Come sarà l’azienda del futuro?

La ricerca condotta da Asterys in collaborazione con ResearchNow, effettuata tramite la raccolta di numerose testimonianze tra dipendenti e top manager, ha permesso di individuare i tratti dell’azienda del futuro.

L’ideale di Future Company è una realtà dalla burocrazia ridotta, dai processi e procedure dinamiche, che sa tirare fuori il meglio dai proprio dipendenti.
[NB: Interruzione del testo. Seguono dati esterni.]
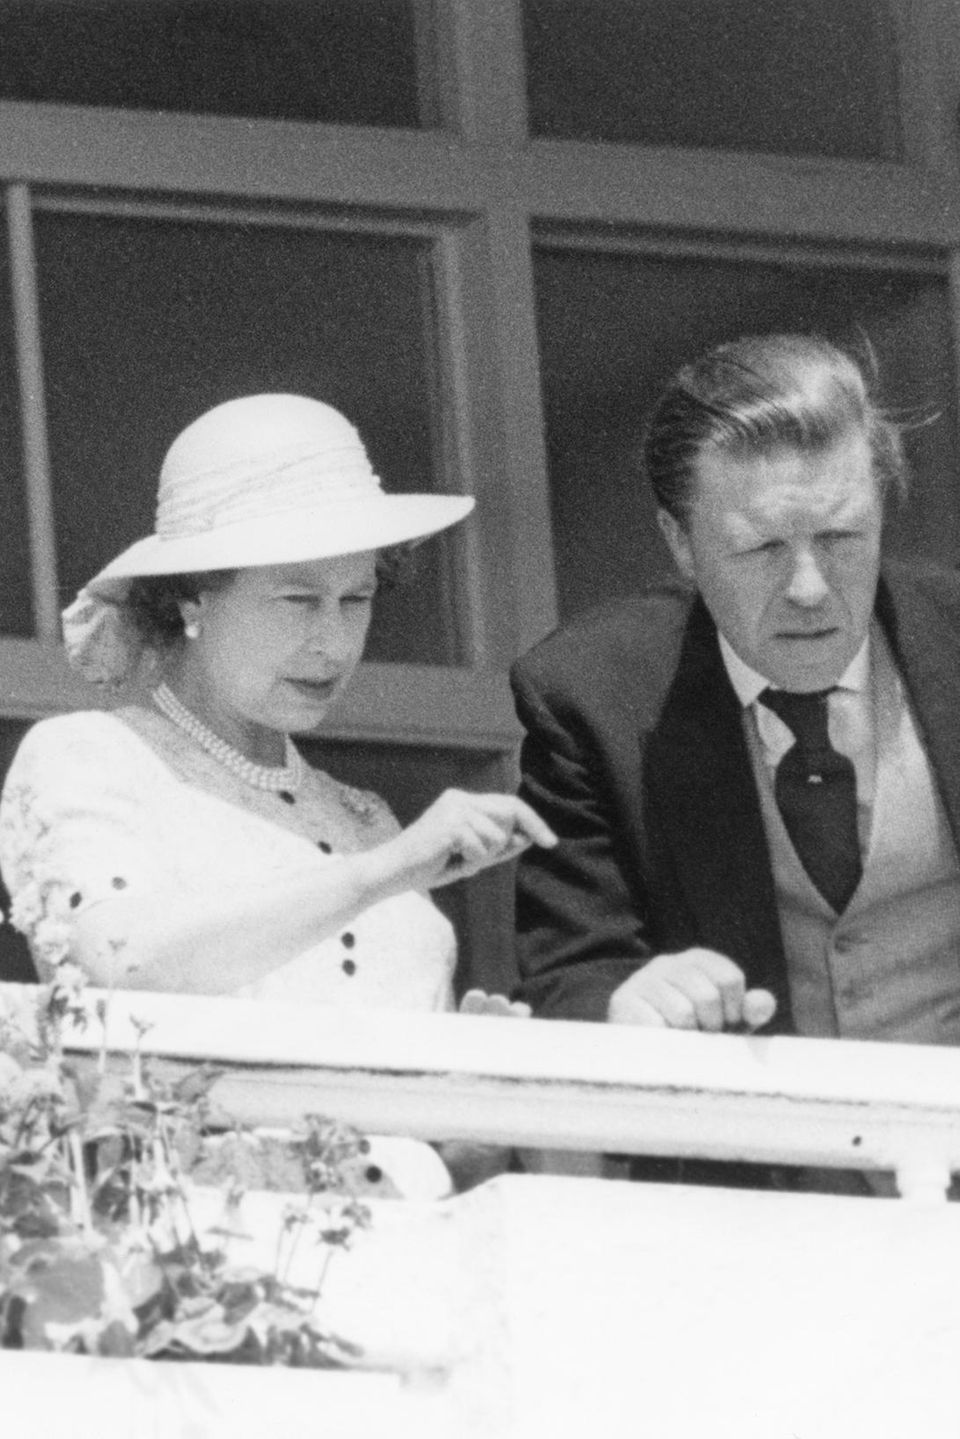 Sir Michael Oswald begleitete Queen Elizabeth oft zu Pferderennen – wie hier bei einem Derby im Juni 1980.

Le caratteristiche dell'azienda del domani

Le parole chiave che vanno a descrivere l’azienda di domani sono:

  • Collaborazione: il fatto di collaborare, cioè di partecipare insieme con altri a un lavoro, a una produzione. Non si intende la collaborazione da parte di un team di persone impegnate nella stessa area aziendale, ma la cooperazione tra le diverse aree aziendali in modo coinvolgere l’azienda nel suo insieme verso un obiettivo comune.
  • Decentramento dell’asse decisionale: perché non lasciare gestire le difficoltà alle risorse più vicine al problema? Questo è il secondo tratto sorto dalla ricerca, un punto innovativo che fa emergere la necessità di aumentare l’autonomia decisionale dei dipendenti direttamente coinvolti nel caso. Nell’azienda del futuro, quindi, verrebbe superato il sistema piramidale a favore di un ambiente lavorativo agile e flessibile.
  • Condivisione delle informazioni: rendere le informazioni più condivisibili tra le risorse, diminuire gli ostacoli procedurali che rendono difficile l’accesso ai dati in modo da velocizzare i tempi operativi; questo è un altro aspetto che emerge dall’indagine. L’accesso alle informazioni e la loro condivisione sono obiettivi facilmente raggiungibili attraverso l’unione tra software dedicati come il CRM e un corretto modo di operare all’interno dell’organizzazione.
  • Semplificazione dei processi: secondo l’indagine, l’azienda del futuro sarà snella e dinamica grazie alla semplificazione dei processi. Il modello snello sarà un Must Have per le aziende del domani. Raggiungere questo obiettivo è possibile attraverso la mappatura e l’analisi dei processi aziendali che permette di comprendere dove si nascondono le attività ridondanti e i conseguenti sprechi. Semplificare si traduce in costi inferiori.
  • Direzione Stakeholder: Il focus aziendale non sarà più diretto ai soli clienti ma a tutti i soggetti che prendono parte in azienda; siano essi fornitori, azionisti o dipendenti. Un’attenzione estesa a 360° verso tutti gli stakeholders consentirebbe una visione allargata che evidenzia i punti di forza su cui puntare e quelli di debolezza su cui intervenire.
  • Valutazione continua: feedback continuo della performance. La ricerca mette in evidenza il desiderio da parte dei dipendenti di veder valutata la propria prestazione costantemente e non a cadenza annuale. Questa metodologia di misurazione permetterebbe di ricevere un feedback immediato che funge da stimolo verso il miglioramento continuo.

Grazie a questa ricerca le linee guida sono emerse, non rimane che cavalcare l’onda verso il progresso.